Eure Karin aus Wesseling, das nicht so viele Einwohner hat wie Mae La…

Marc
7. Juli 2007 um 22:01 Uhr

Das Fernsehen sollte von Euch berichten, anstatt von der kommenden “Apothekertour” durch Frankreich.

Dagmar
7. Juli 2007 um 17:53 Uhr

Wow, Hut ab. Ich habe heute im Spiegel-Online von Eurer Tour gelesen und bin tief beeindruckt. Es ist höchste Zeit, dass diese Tragödie in und um Burma mehr Aufmerksamkeit bekommt. Ihr bewegt was.
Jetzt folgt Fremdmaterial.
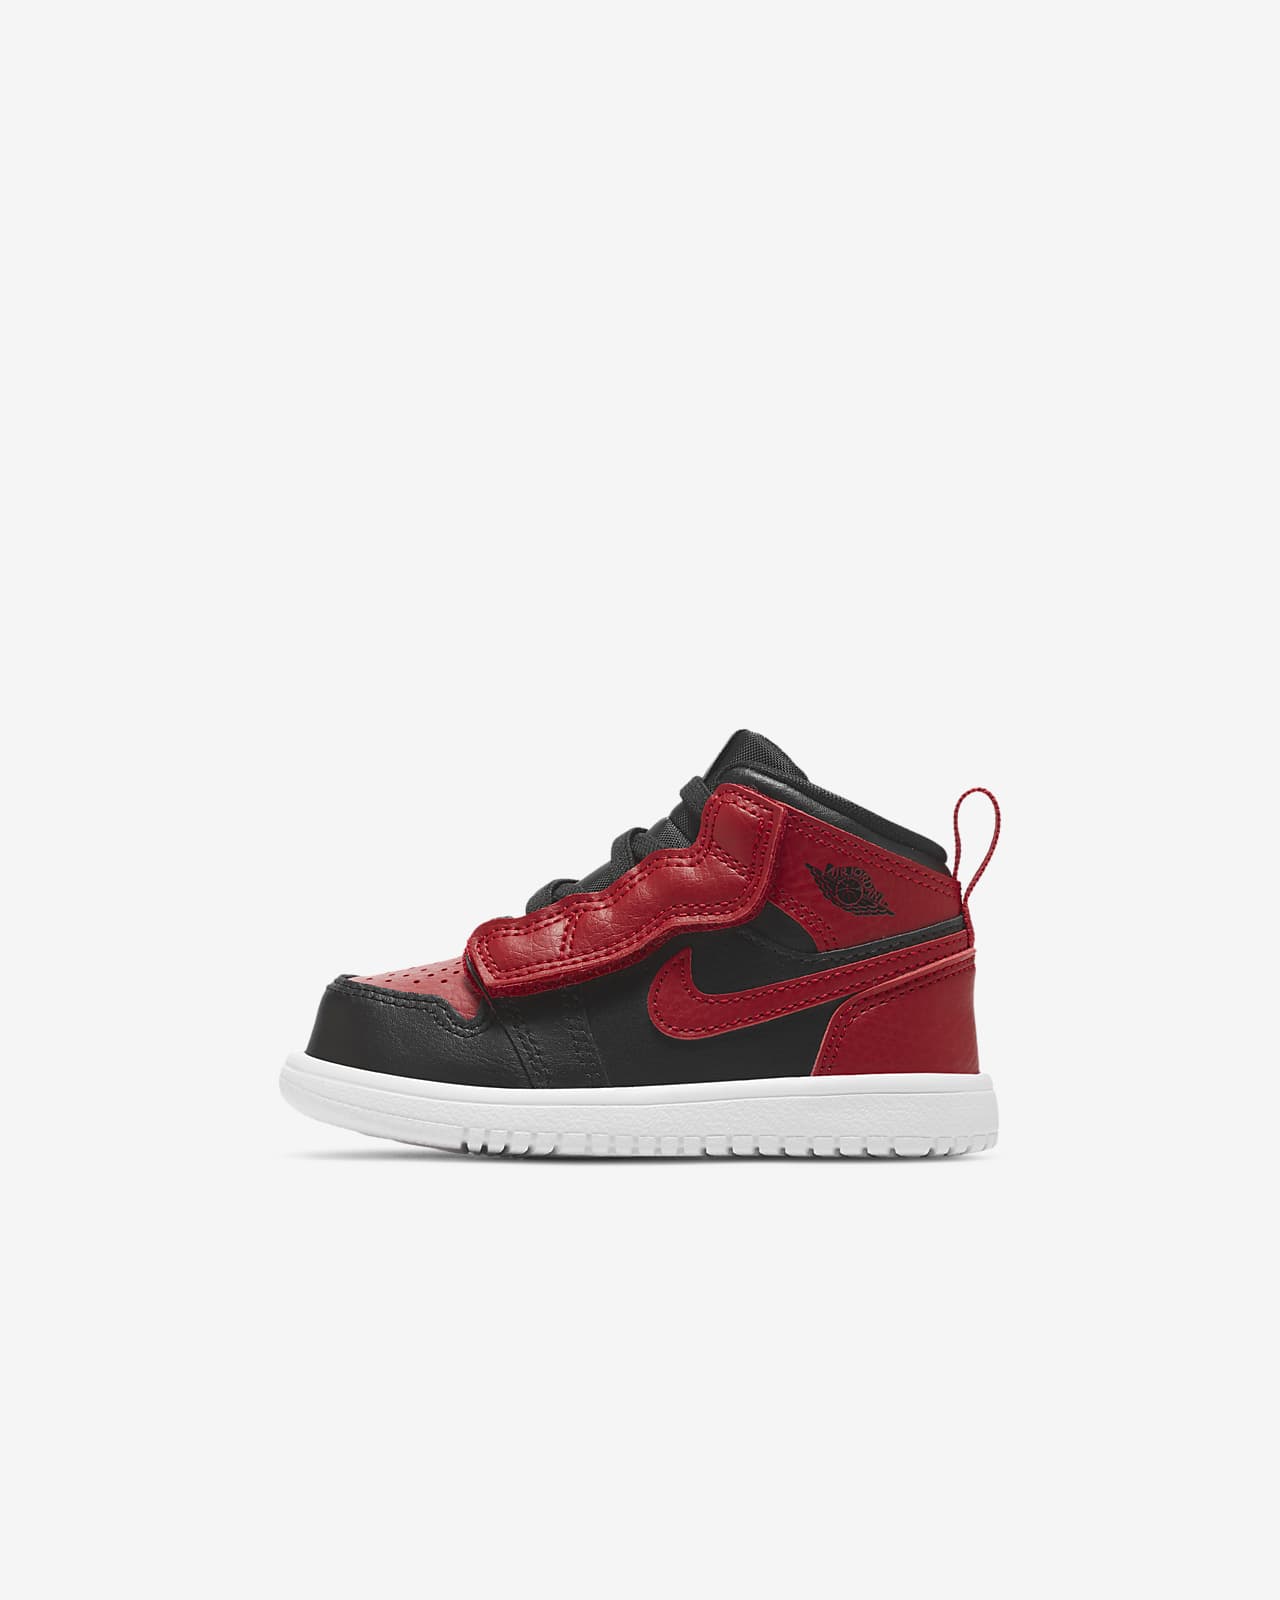 Jordan 1 Mid Baby and Toddler Shoe. Nike AE

Danke!!!
Ich wünsche Euch Durchhaltevermögen trotz Regen und widriger Umstände!
Dagmar

Helga
7. Juli 2007 um 12:54 Uhr

Hallo Burmariders,
man kann nur erahnen, was es bedeutet, im Dauerregen derartige Anstregungen zu unternehmen.
Aber die ständig steigende Spendenhöhe und die Anzahl der “Mitradelnden” gibt Euch recht.
Es ist “keine nette PR-Idee”; es ist viel, viel mehr!
Weiterhin viel Glück!
Helga (aus dem erträglich verregneten Hamburg)

Joe aus Bang Saen
7. Juli 2007 um 10:38 Uhr

Hallo Leute,
finde es klasse,was Ihr macht,bin sehr beeindruckt !
Lebe hier in Thailand als Pensionist und werde im Sept. od.Okt.einen Teil Eurer Tour abfahren.
Haltet durch und alles Gute !!!!!!!!!